Exercise data:
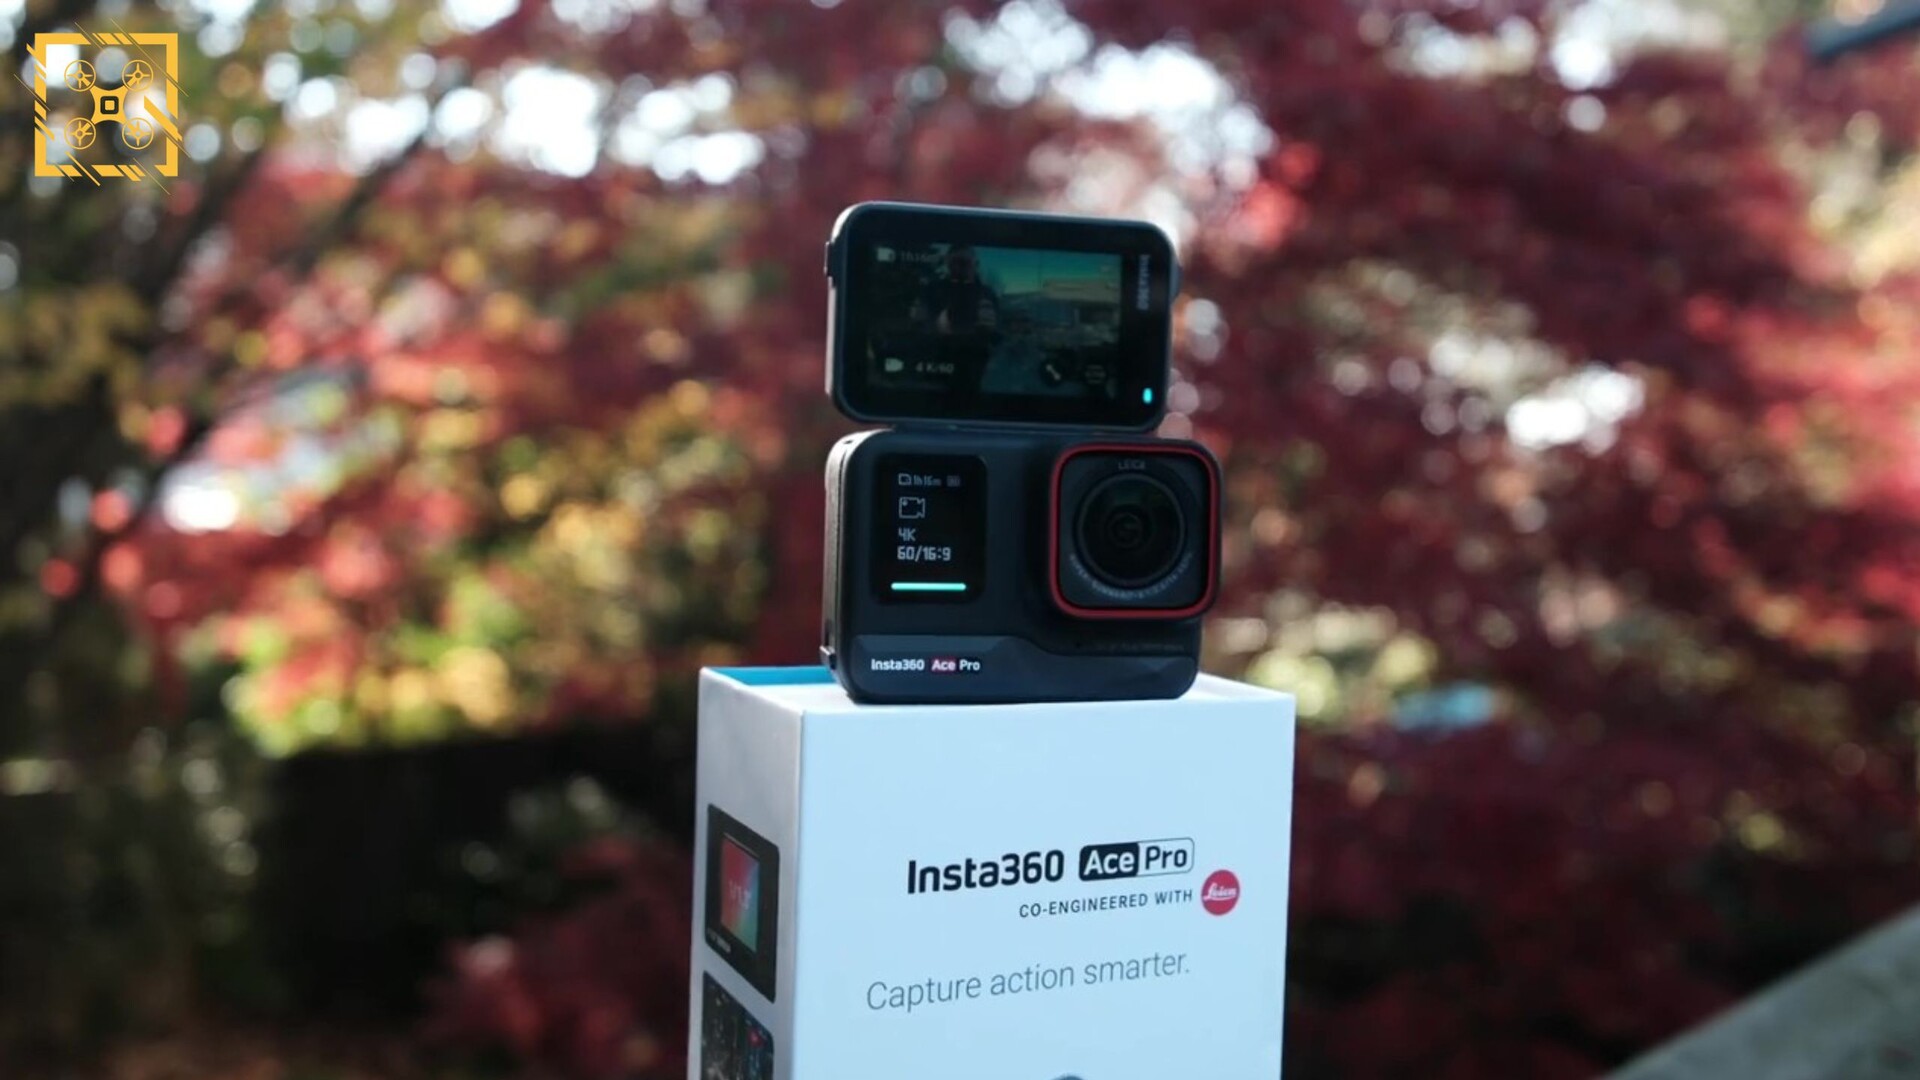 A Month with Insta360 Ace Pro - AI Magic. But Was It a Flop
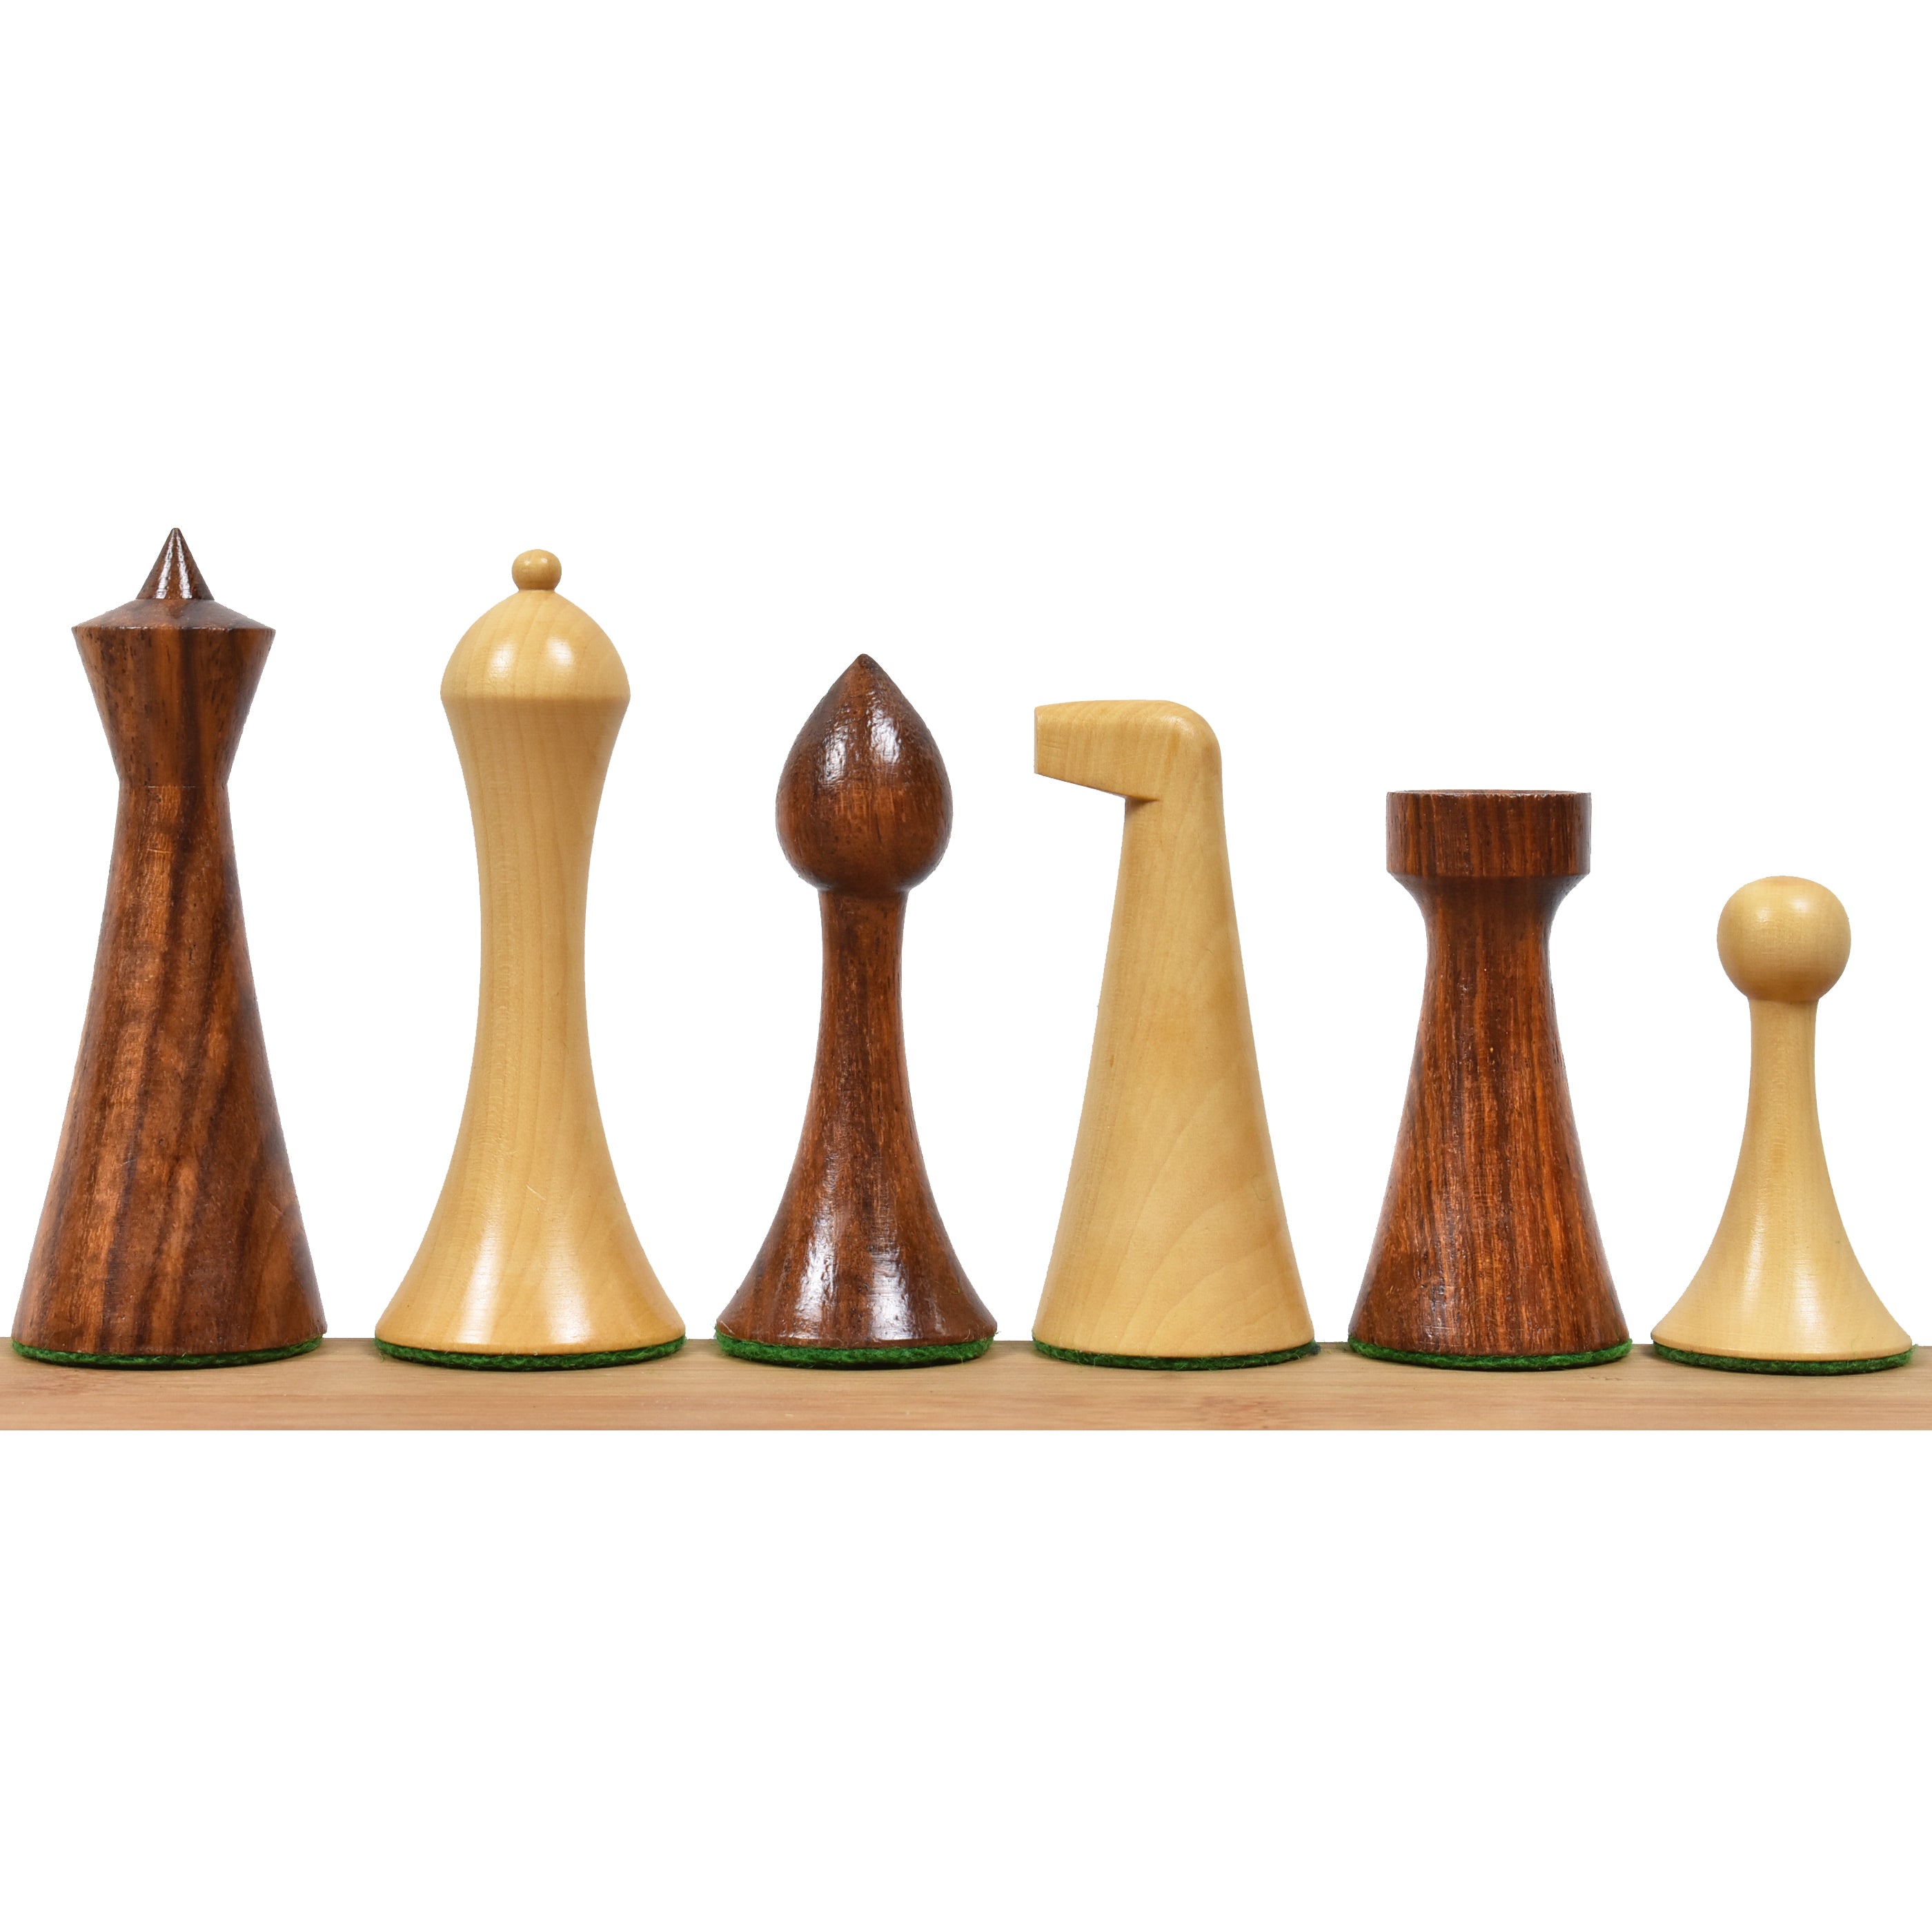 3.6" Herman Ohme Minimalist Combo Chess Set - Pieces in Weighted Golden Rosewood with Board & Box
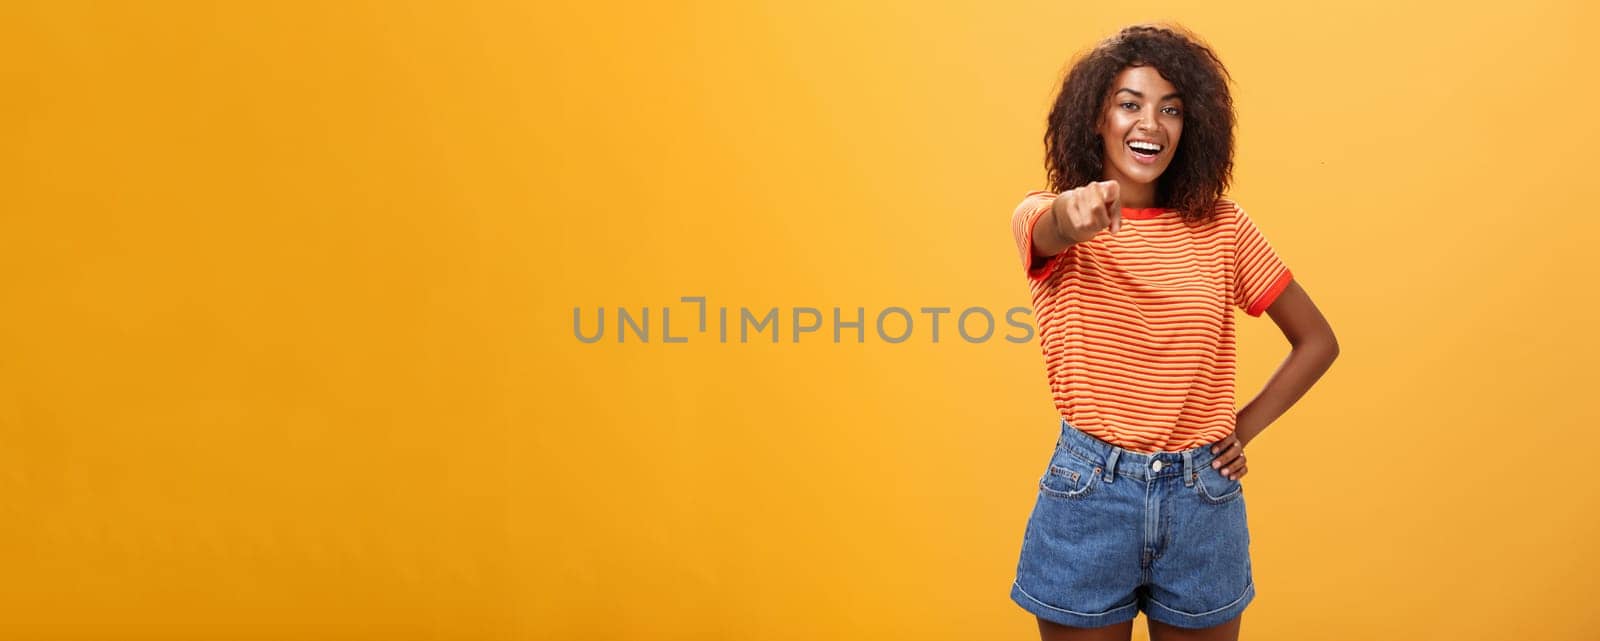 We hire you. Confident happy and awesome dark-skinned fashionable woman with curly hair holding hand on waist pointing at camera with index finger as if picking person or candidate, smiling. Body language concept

About this exercise: Without any pictures, write out the lines running from the one containing "Board & Box" through the end of the listing above, both included, exactly as given.

Output below:
 3.6" Herman Ohme Minimalist Combo Chess Set - Pieces in Weighted Golden Rosewood with Board & Box
 We hire you. Confident happy and awesome dark-skinned fashionable woman with curly hair holding hand on waist pointing at camera with index finger as if picking person or candidate, smiling. Body language concept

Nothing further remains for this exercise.